El guión es maravilloso. En sí no es un guión lineal que nos cuente una única historia con su inicio, nudo y desenlace. “Amarcord” está preñada de ellas. Son historias y es Historia (maravillosa la secuencia de la celebración del “Día de Roma” con ese desfile de los camisas negras a ritmo de sprint); historias contadas en letra minúscula, de gente anónima, pero entrañable, y que hacen y sostienen esa Historia en mayúscula, que luego les tocará aprender. En sí son estampas, todas evocadoras; pero a la vez, todas emocionales: los recuerdos sobre sus profesores; el despertar al erotismo (espléndida la secuencia de la estanquera interpretada por Maria Antonietta Beluzzi); la leyenda de la “Gradisca;” la “Volpina;” o el día campestre, con tío subido al árbol incluido, son algunos de los muchos hitos de esta película.

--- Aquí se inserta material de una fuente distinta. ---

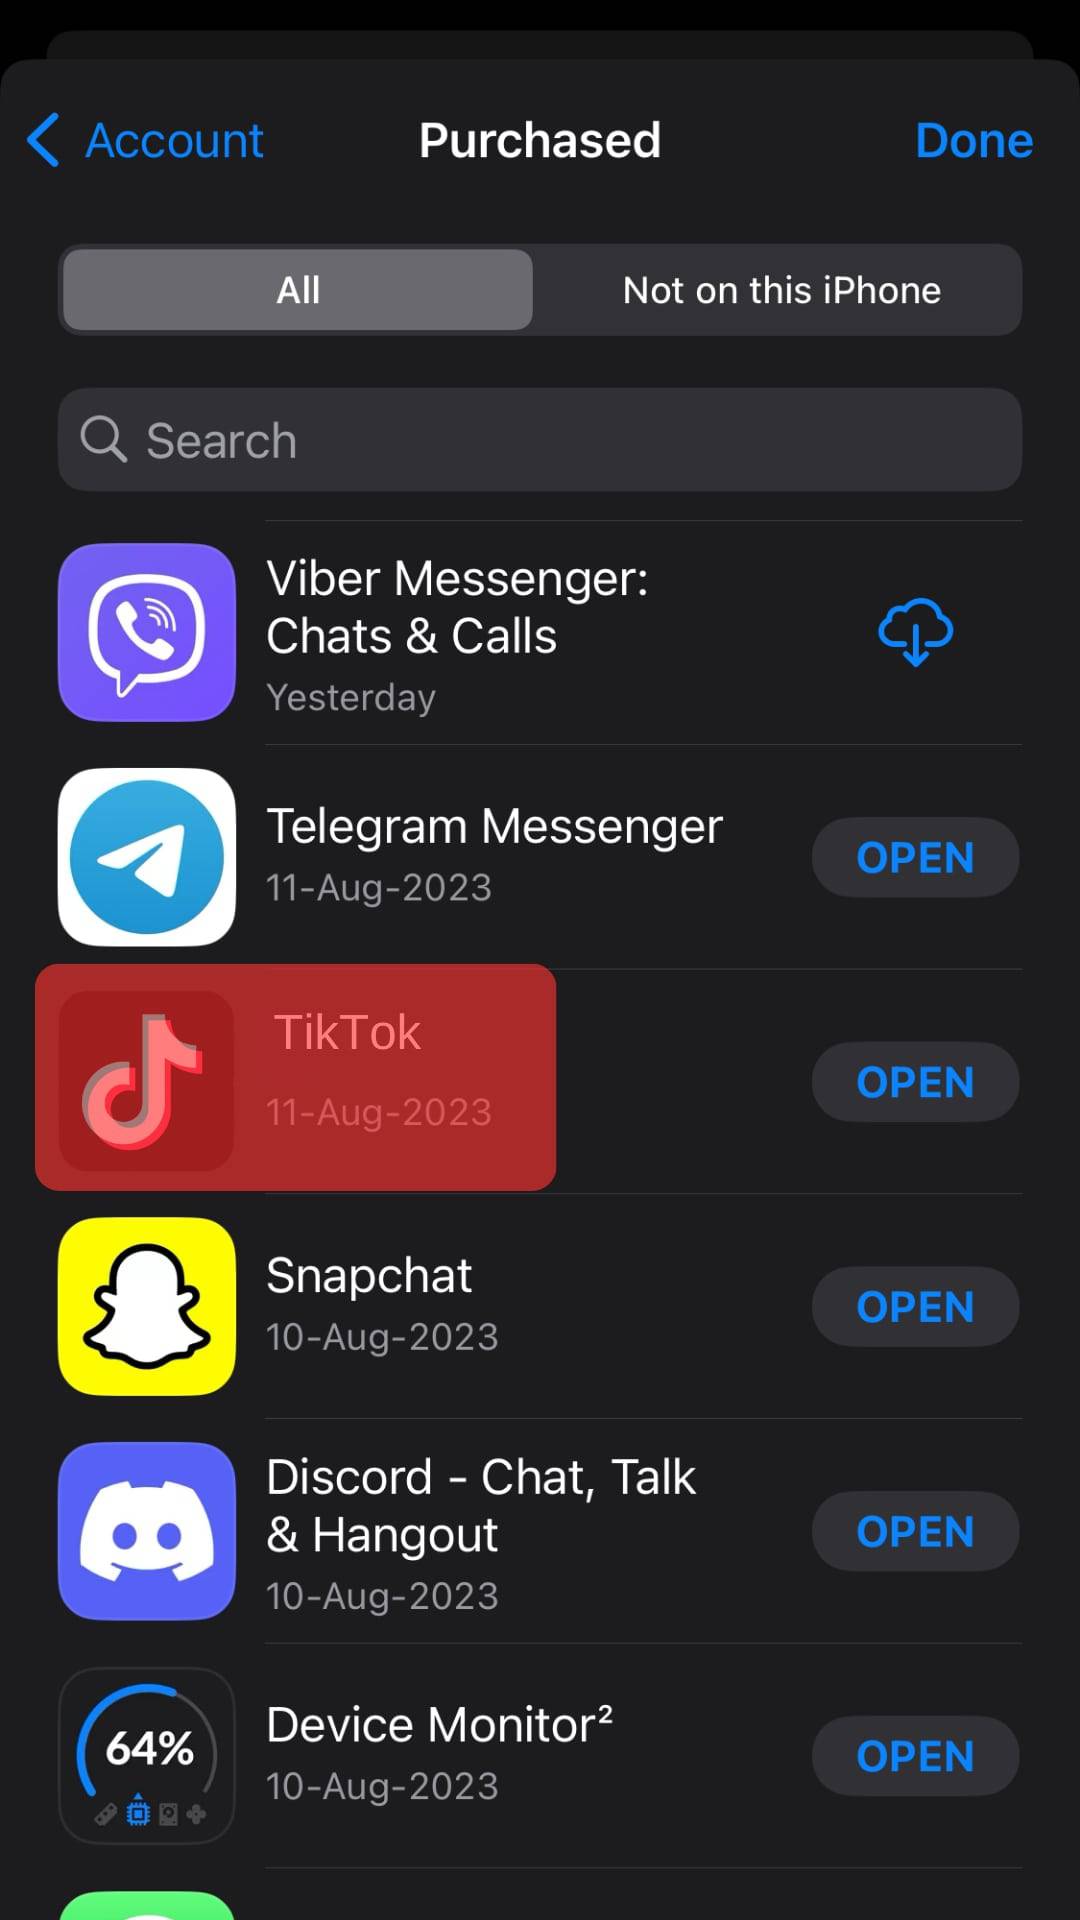 Date Next To Tiktok App Is The Date You Installed It.

Lo magistral es que Fellini logra integrar distintos discursos cinematográficos hasta componer uno de los ejercicios más libres del cine europeo. “Amarcord” dista mucho de ser un ejercicio clásico, aunque en apariencia así lo parezca, pero Fellini es un autor, un artista que maneja a su gusto todas las leyes del 7º Arte. Así hay personajes que se dirigen directamente a la cámara sin por ello “romper” el hechizo que tiene el cine, como el historiador local; momentos legendarios que son interpretados desde un delirio fantasioso como la visita del jeque (con harén incluido), o la excursión a ver el paso del trasatlántico, convirtiendo así a “Amarcord” no en una película realista, sino en una evocación maravillosa plagada de realismo pero también de magia.
El reparto, como en todas las películas del maestro italiano, es magistral. Desde los que podemos calificar de protagonistas: Pupella Maggio, la madre de “Titta,” de algún modo del alterego de Fellini y que interpreta de un modo muy naturalista el debutante, Bruno Zannin; Armando Brancia, el padre; pero este reconocimiento sería para cada uno de los que aparece en esta historia. La mano de Fellini se muestra acertada al contar con esa serie de rostros, que él transforma en máscaras, convirtiéndose así en arquetipos, en iconos del personaje que interpretan. La variedad de personajes es enorme (riqueza que se ha perdido definitivamente en el cine italiano actual; al igual que en el español, pues fuera de autores como Álex de la Iglesia, o el propio Almodóvar, poca diversidad de gentes se muestra en las pantallas), y muchos de ellos son definidos por la apariencia física exclusivamente; pero aún así, pese al paso breve y fugaz, cada uno de los personajes que aparece en este fresco está perfectamente retratado. Y no podía ser de otro modo. Las composiciones de plano de Fellini son magistrales, hermosas, pictóricas, pero plenas de esa energía que llamamos vida. Claro que para eso contaba con su colaborador habitual detrás de las cámaras: el gran Giuseppe Rotunno.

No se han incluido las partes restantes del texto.